Complete Example: fs_journal_example.py

IPFS Kit includes a comprehensive example that demonstrates the filesystem journal functionality in action. You can find this example at /examples/fs_journal_example.py.

The example demonstrates:

  1. Creating a journaled filesystem with WAL integration
  2. Building a complex virtual filesystem structure with directories and files
  3. Performing various filesystem operations (create, rename, update metadata, delete)
  4. Viewing the virtual filesystem state and path-to-CID mappings
  5. Creating checkpoints to persist the journal state
  6. Simulating an unexpected shutdown and recovery
  7. Verifying the recovered filesystem state

To run the example:

# Run the example script
python -m ipfs_kit_py.examples.fs_journal_example

This example is an excellent way to understand how the filesystem journal works in practice and how it handles recovery scenarios.

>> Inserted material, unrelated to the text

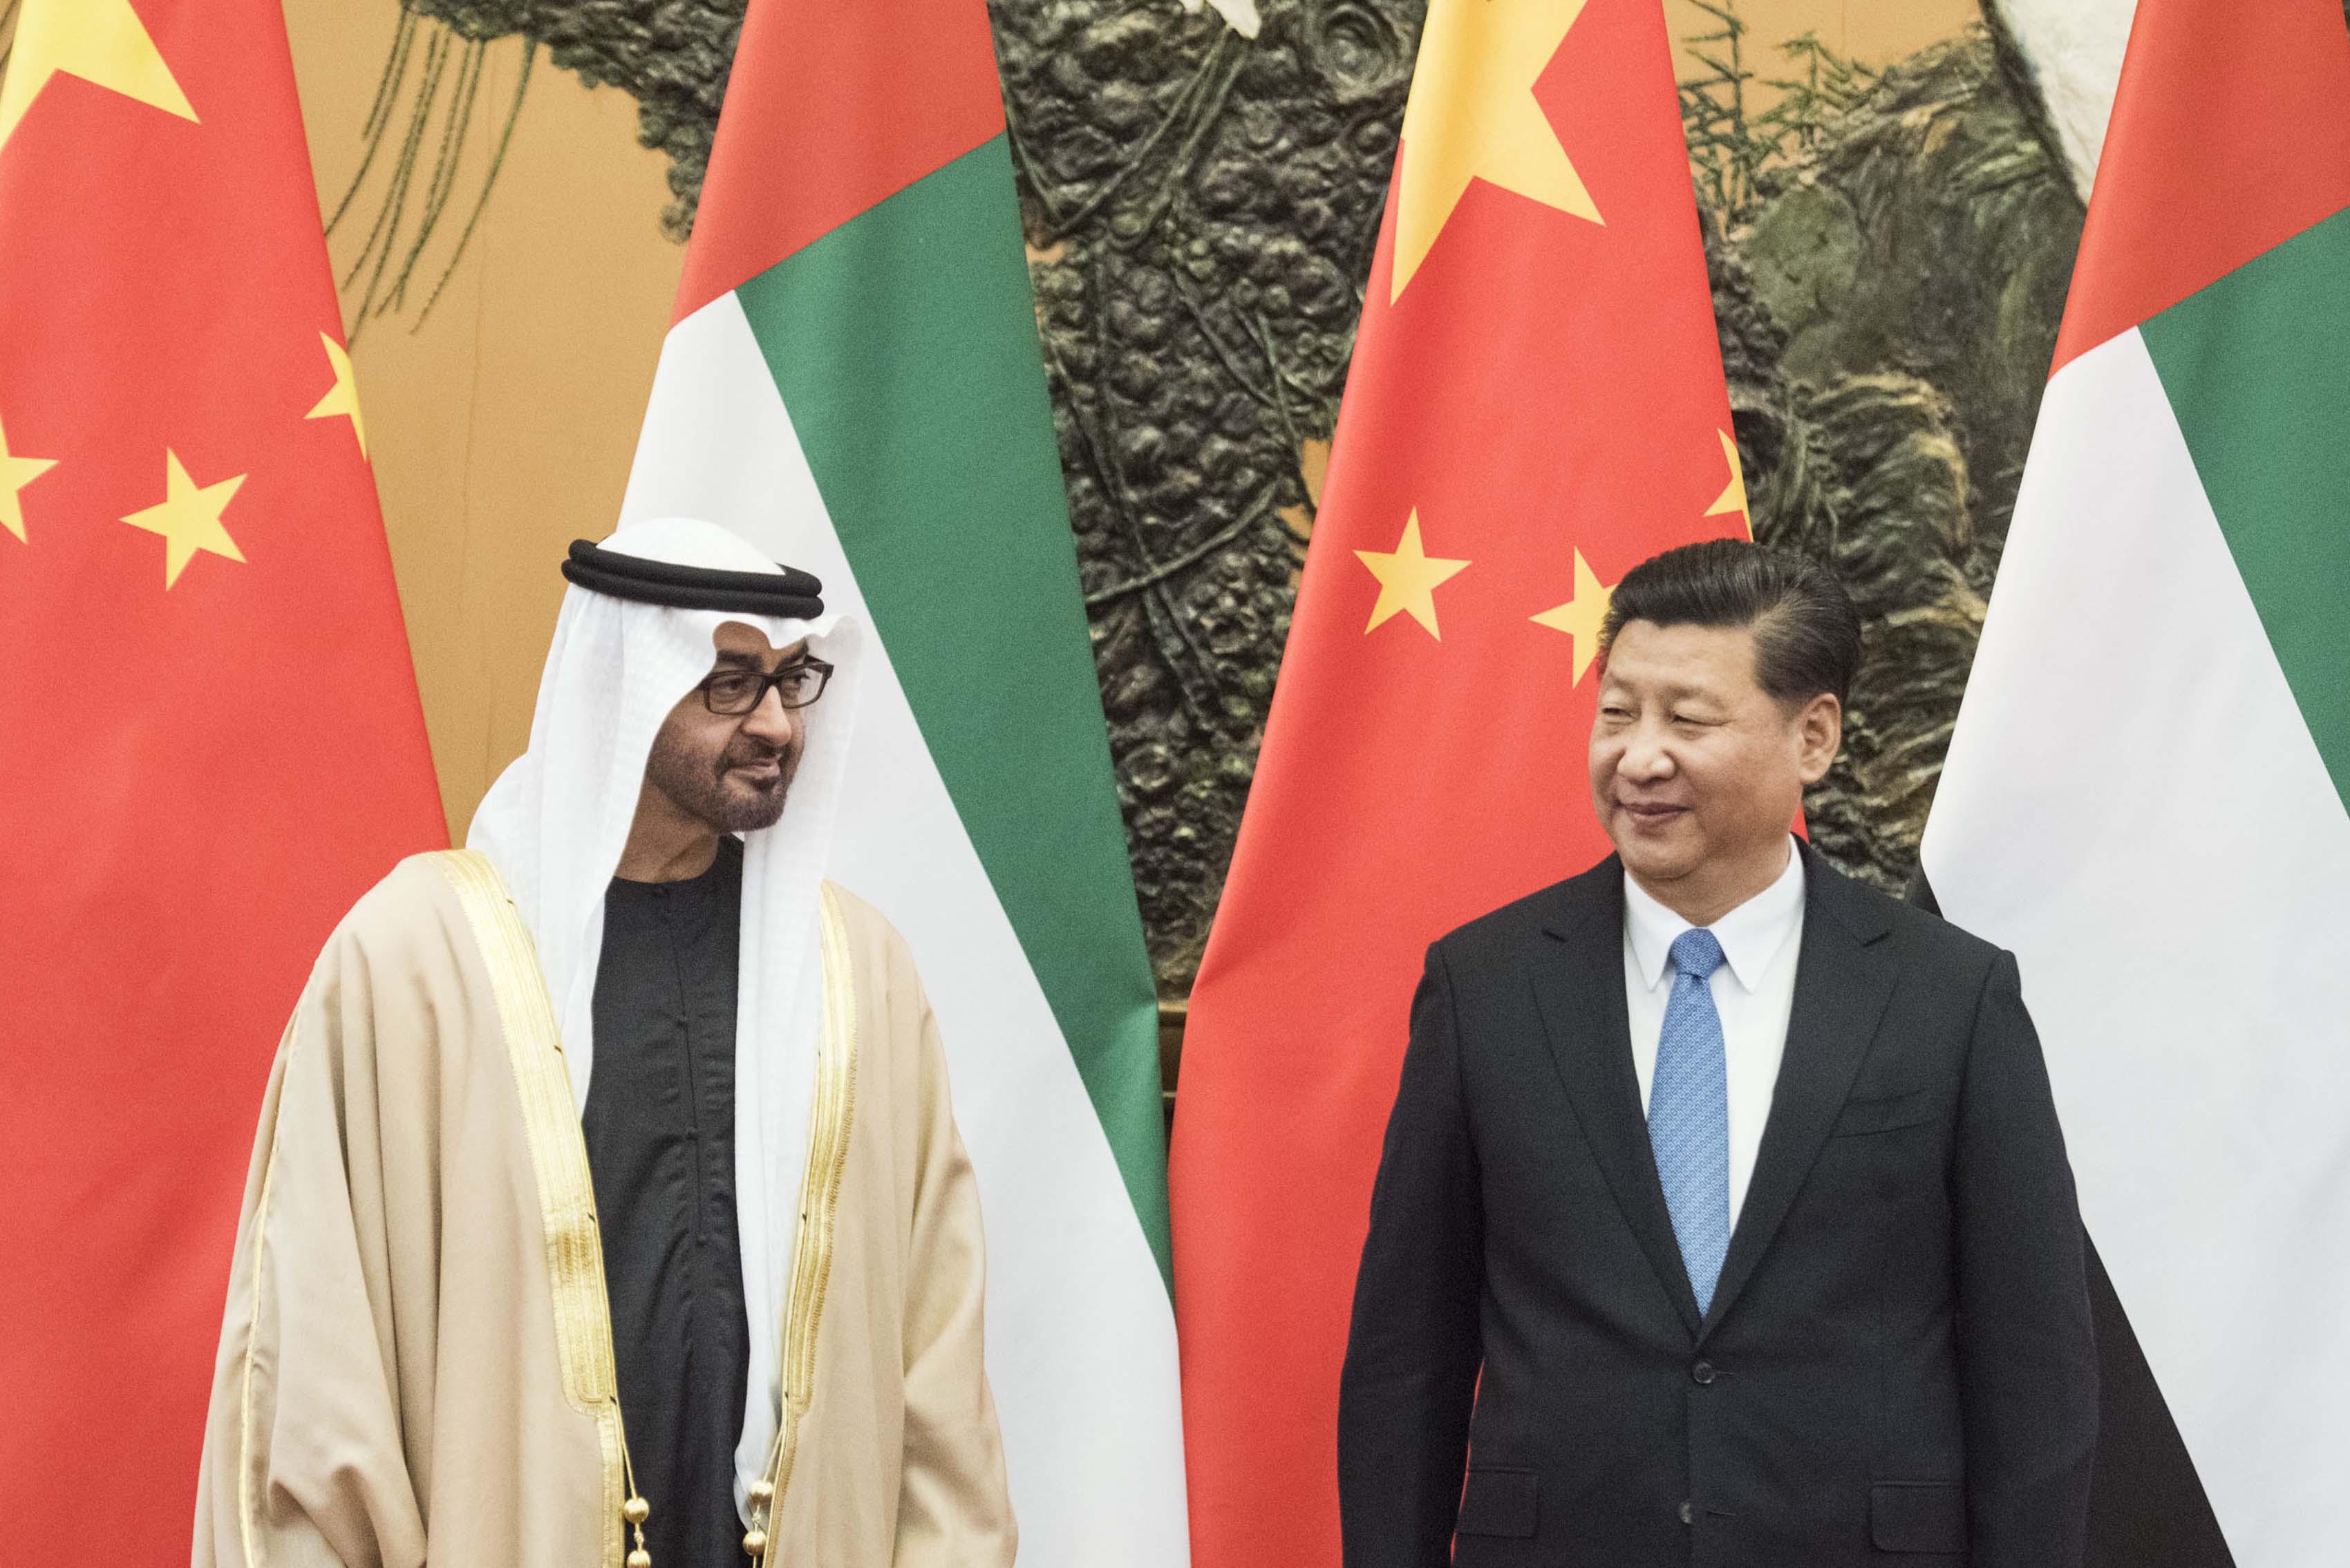 مساعي الإمارات للسيطرة على الممرات البحرية في المنطقة وإثر ذلك على الشراكة الاقتصادية مع الصين

It uses a temporary directory for the journal so it won't affect your existing IPFS configuration.

Mounting IPFS Content

The filesystem journal allows you to mount IPFS content by CID:

# Mount content by CID
cid = "QmSomeContentIdentifier"
journaled_fs.mount("/virtual_fs/ipfs_content", cid)

# List mounted content
files = journaled_fs.list_directory("/virtual_fs/ipfs_content")
print(f"Files in mounted directory: {files}")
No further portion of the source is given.